**About this task:** Reproduce the data below line by line, from its first line to the line with "closet grow vs grow tent", both included, and nothing past that point.

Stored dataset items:
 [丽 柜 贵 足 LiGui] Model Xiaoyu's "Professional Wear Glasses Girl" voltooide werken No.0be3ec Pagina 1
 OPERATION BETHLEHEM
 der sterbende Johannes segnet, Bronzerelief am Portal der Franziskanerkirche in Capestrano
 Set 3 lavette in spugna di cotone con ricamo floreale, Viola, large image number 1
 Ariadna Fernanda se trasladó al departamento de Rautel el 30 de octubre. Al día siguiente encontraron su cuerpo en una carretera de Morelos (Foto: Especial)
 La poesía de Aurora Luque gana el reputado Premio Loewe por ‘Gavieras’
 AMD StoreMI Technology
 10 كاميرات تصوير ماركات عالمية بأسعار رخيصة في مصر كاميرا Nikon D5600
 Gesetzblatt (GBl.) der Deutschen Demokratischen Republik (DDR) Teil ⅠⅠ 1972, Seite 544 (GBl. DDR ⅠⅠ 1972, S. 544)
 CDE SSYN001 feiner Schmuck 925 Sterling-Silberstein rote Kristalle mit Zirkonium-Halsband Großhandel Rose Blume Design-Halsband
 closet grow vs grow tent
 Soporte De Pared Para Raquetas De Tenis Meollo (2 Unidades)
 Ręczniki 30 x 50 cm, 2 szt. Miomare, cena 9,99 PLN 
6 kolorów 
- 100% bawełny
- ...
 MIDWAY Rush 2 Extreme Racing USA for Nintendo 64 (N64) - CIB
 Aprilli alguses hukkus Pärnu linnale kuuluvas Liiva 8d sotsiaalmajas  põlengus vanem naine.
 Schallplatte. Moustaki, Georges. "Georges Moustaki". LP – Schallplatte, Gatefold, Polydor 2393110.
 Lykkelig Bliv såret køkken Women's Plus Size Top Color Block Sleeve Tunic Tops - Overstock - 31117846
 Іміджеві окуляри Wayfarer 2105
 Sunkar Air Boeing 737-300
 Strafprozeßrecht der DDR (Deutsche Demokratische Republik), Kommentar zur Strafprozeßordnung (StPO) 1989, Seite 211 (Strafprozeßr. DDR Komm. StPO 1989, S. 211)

**Task response:**
 [丽 柜 贵 足 LiGui] Model Xiaoyu's "Professional Wear Glasses Girl" voltooide werken No.0be3ec Pagina 1
 OPERATION BETHLEHEM
 der sterbende Johannes segnet, Bronzerelief am Portal der Franziskanerkirche in Capestrano
 Set 3 lavette in spugna di cotone con ricamo floreale, Viola, large image number 1
 Ariadna Fernanda se trasladó al departamento de Rautel el 30 de octubre. Al día siguiente encontraron su cuerpo en una carretera de Morelos (Foto: Especial)
 La poesía de Aurora Luque gana el reputado Premio Loewe por ‘Gavieras’
 AMD StoreMI Technology
 10 كاميرات تصوير ماركات عالمية بأسعار رخيصة في مصر كاميرا Nikon D5600
 Gesetzblatt (GBl.) der Deutschen Demokratischen Republik (DDR) Teil ⅠⅠ 1972, Seite 544 (GBl. DDR ⅠⅠ 1972, S. 544)
 CDE SSYN001 feiner Schmuck 925 Sterling-Silberstein rote Kristalle mit Zirkonium-Halsband Großhandel Rose Blume Design-Halsband
 closet grow vs grow tent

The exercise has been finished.